Anna Karenina (Russian: Анна Каренина), also Anglicised as Anna Karenin, is a novel by the Russian writer Leo Tolstoy, published in serial installments from 1873 to 1877 in the periodical The Russian Messenger. Tolstoy clashed with its editor Mikhail Katkov over issues that arose in the final installment; therefore, the novel's first complete appearance was in book form.
Widely regarded as a pinnacle in realist fiction, Tolstoy considered Anna Karenina his first true novel. The character of Anna was likely inspired, in part, by Maria Hartung (Russian spelling Maria Gartung, 1832–1919), the elder daughter of the Russian poet Alexander Pushkin. Soon after meeting her at dinner, Tolstoy began reading Pushkin's prose and once had a fleeting daydream of "a bare exquisite aristocratic elbow", which proved to be the first intimation of Anna's character.

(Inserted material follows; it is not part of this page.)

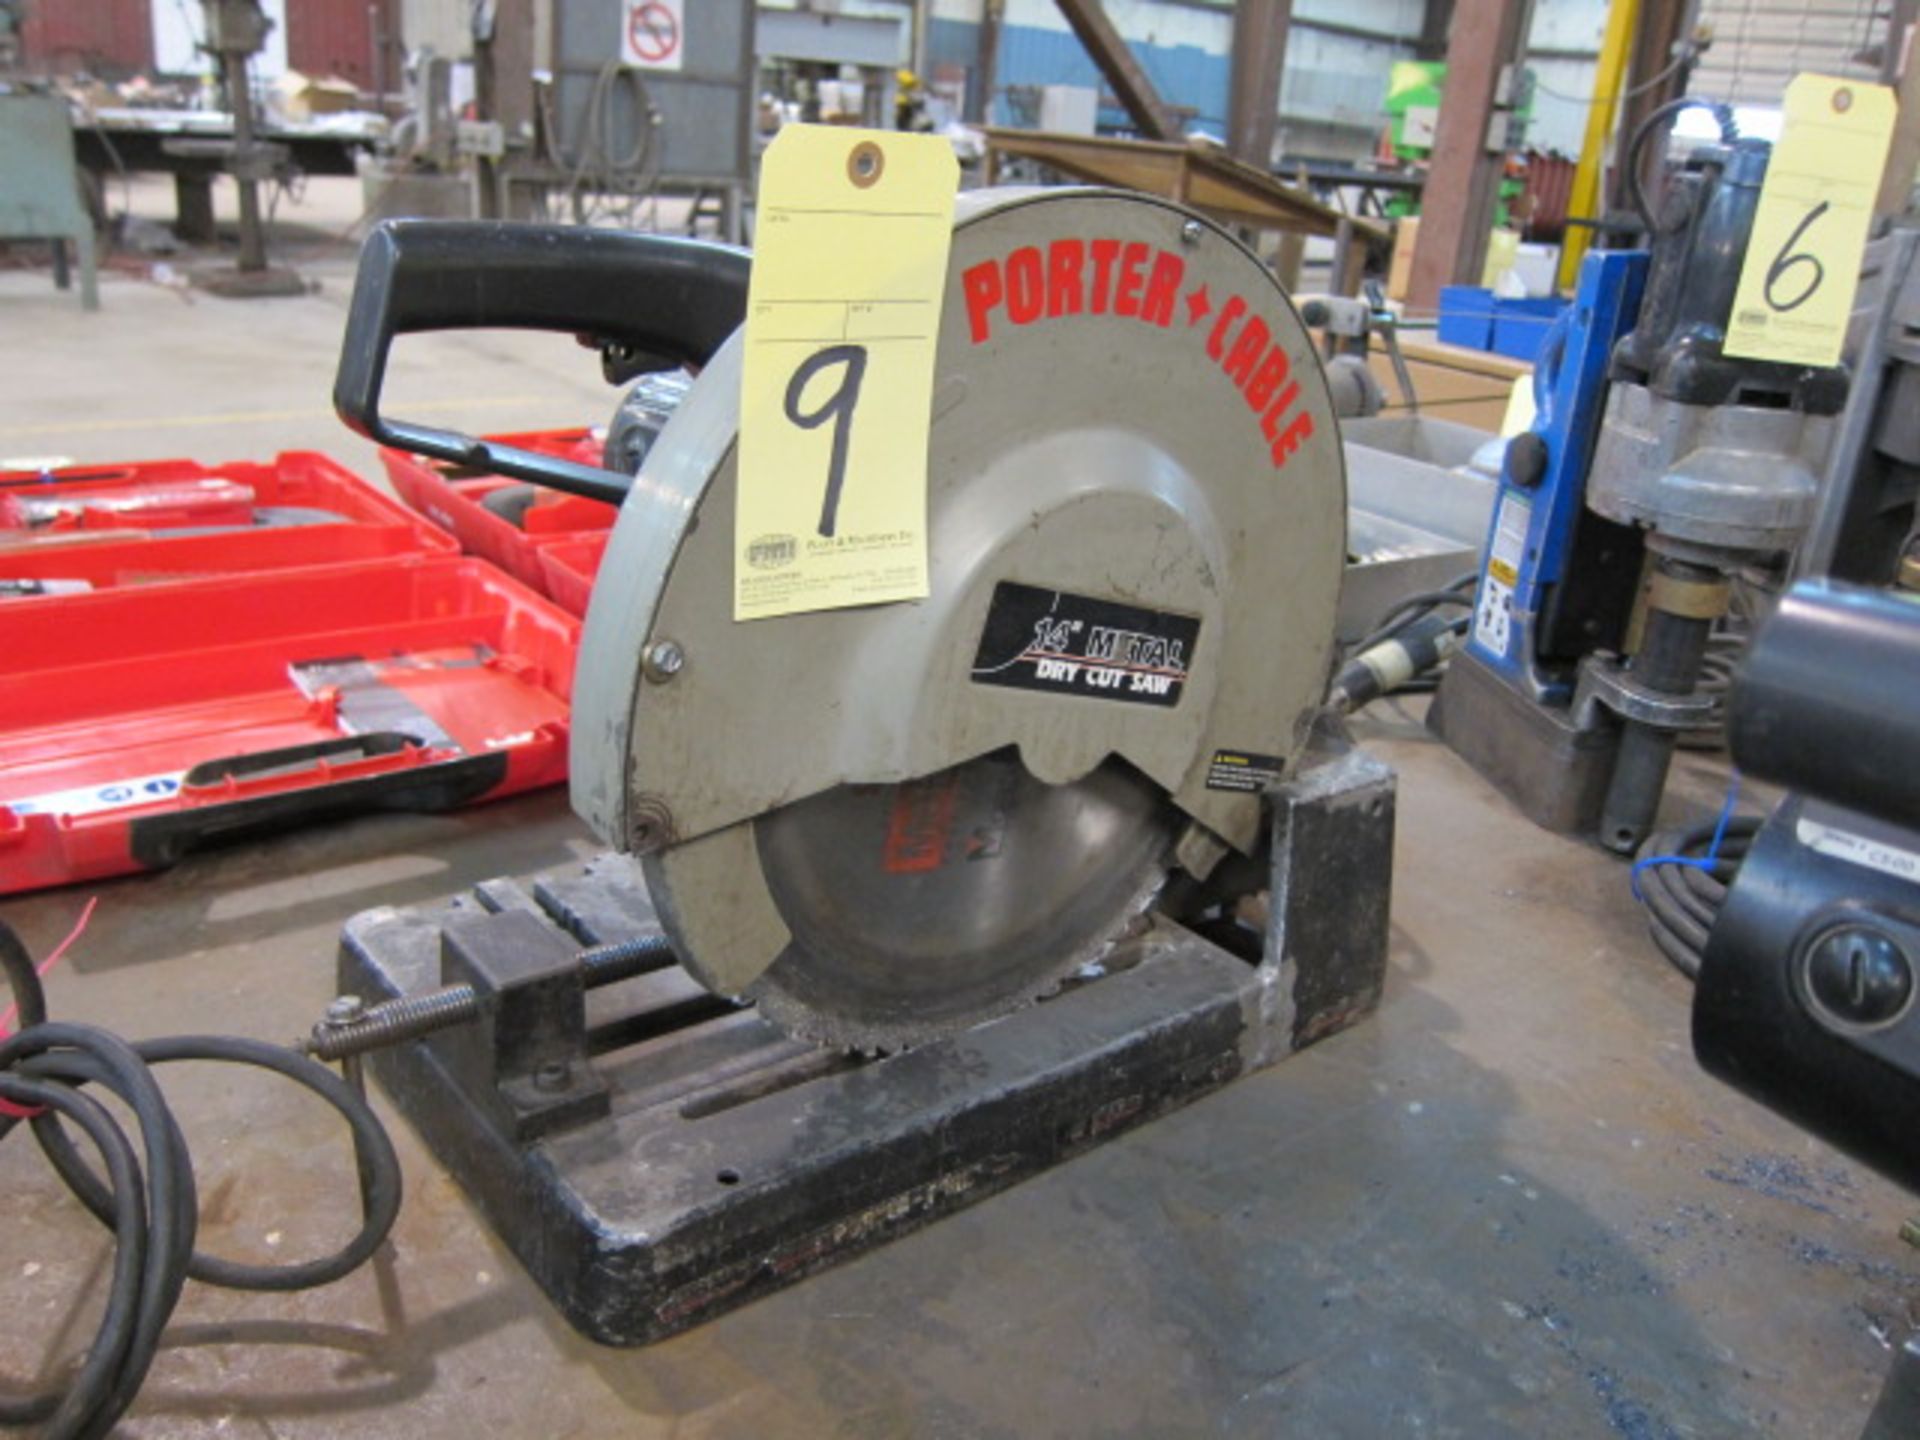 METAL DRY CUT SAW, PORTA-CABLE 14"

Although most Russian critics panned the novel on its publication as a "trifling romance of high life", Fyodor Dostoevsky declared it to be "flawless as a work of art." His opinion was seconded by Vladimir Nabokov, who especially admired "the flawless magic of Tolstoy's style" and the motif of the moving train, subtly introduced in the first chapters (the children playing with a toy train) and inexorably developed in subsequent chapters (Anna's nightmare), heralding the novel's majestic finale. According to a recent poll of 125 contemporary authors, published in a book entitled The Top Ten, Anna Karenina is the greatest novel ever written.